Prediction means for predicting the state of the controlled object at the second time based on the state of the controlled object at the first time and the behavior at a second time that is the next control timing after the first time;
A reward based on the state of the controlled object at each control timing from the second time to a third time after the second time, obtained by repeatedly inputting the behavior after the second time to the prediction means. a remuneration calculation means that calculates the sum of the sum as a value;
Update means for updating parameters of a value function based on the state, the action, and the value, using the state of the controlled object at the first time and the action at the second time as input, and outputting the value. A learning device equipped with and .

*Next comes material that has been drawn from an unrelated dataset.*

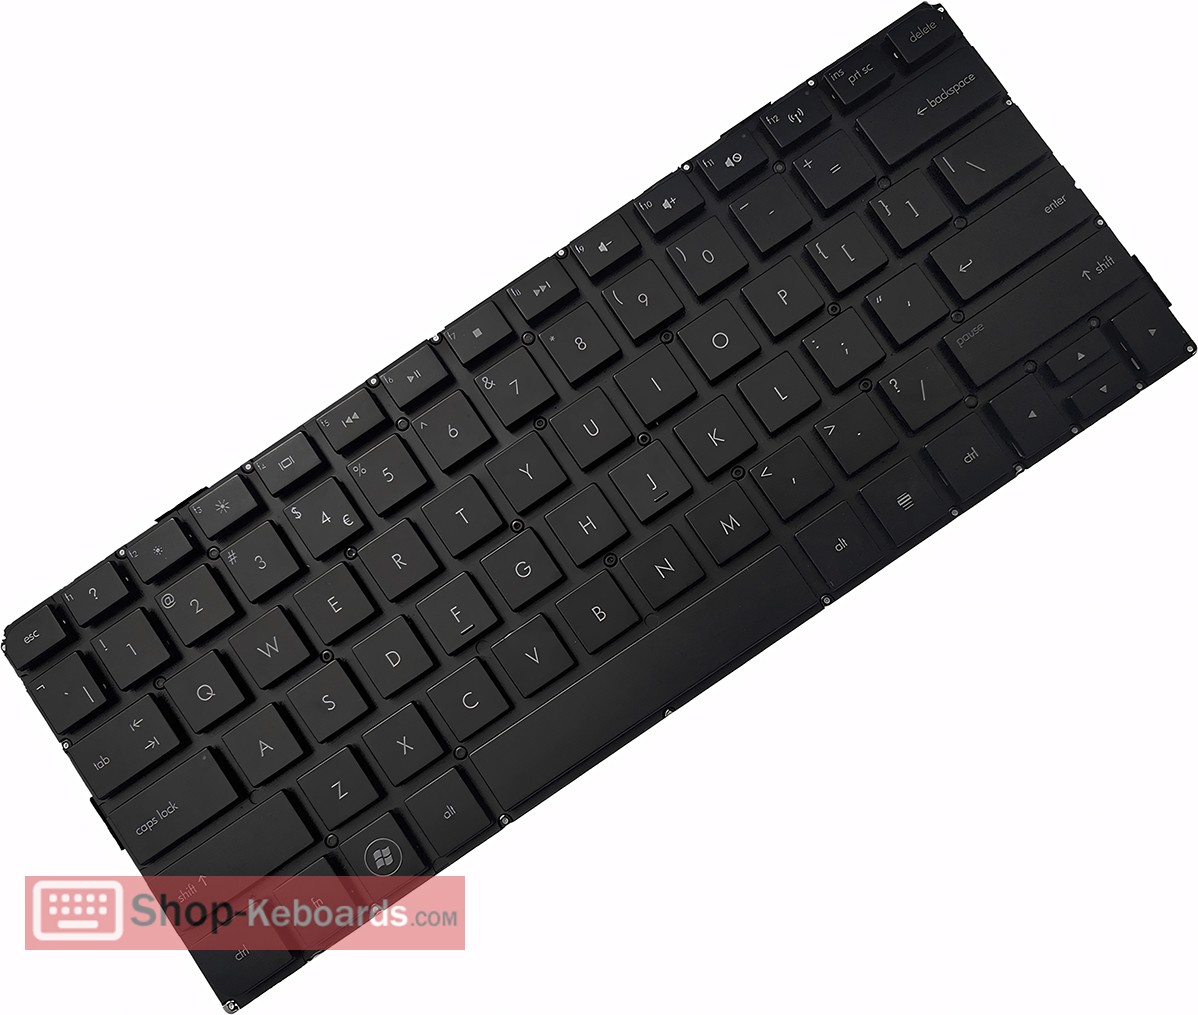 HP ENVY 13-1010ER  Keyboard replacement

From the state of the controlled object at a first time and the behavior at a second time, which is the next control timing after the first time, a prediction function that predicts the state of the controlled object at the second time is applied to Calculating, as a value, the sum of rewards based on the state of the controlled object at each control timing from the second time to a third time after the second time, which is obtained by repeatedly inputting actions;
Based on the state, the action, and the value, the parameters of the value function are updated so that the state of the controlled object at the first time and the action at the second time are input and the value is output. A learning method that prepares you.

to the computer,
From the state of the controlled object at a first time and the behavior at a second time, which is the next control timing after the first time, a prediction function that predicts the state of the controlled object at the second time is applied to Calculating, as a value, the sum of rewards based on the state of the controlled object at each control timing from the second time to a third time after the second time, which is obtained by repeatedly inputting actions;
Based on the state, the action, and the value, the parameters of the value function are updated so that the state of the controlled object at the first time and the action at the second time are input and the value is output. A recording medium that stores a learning program for executing.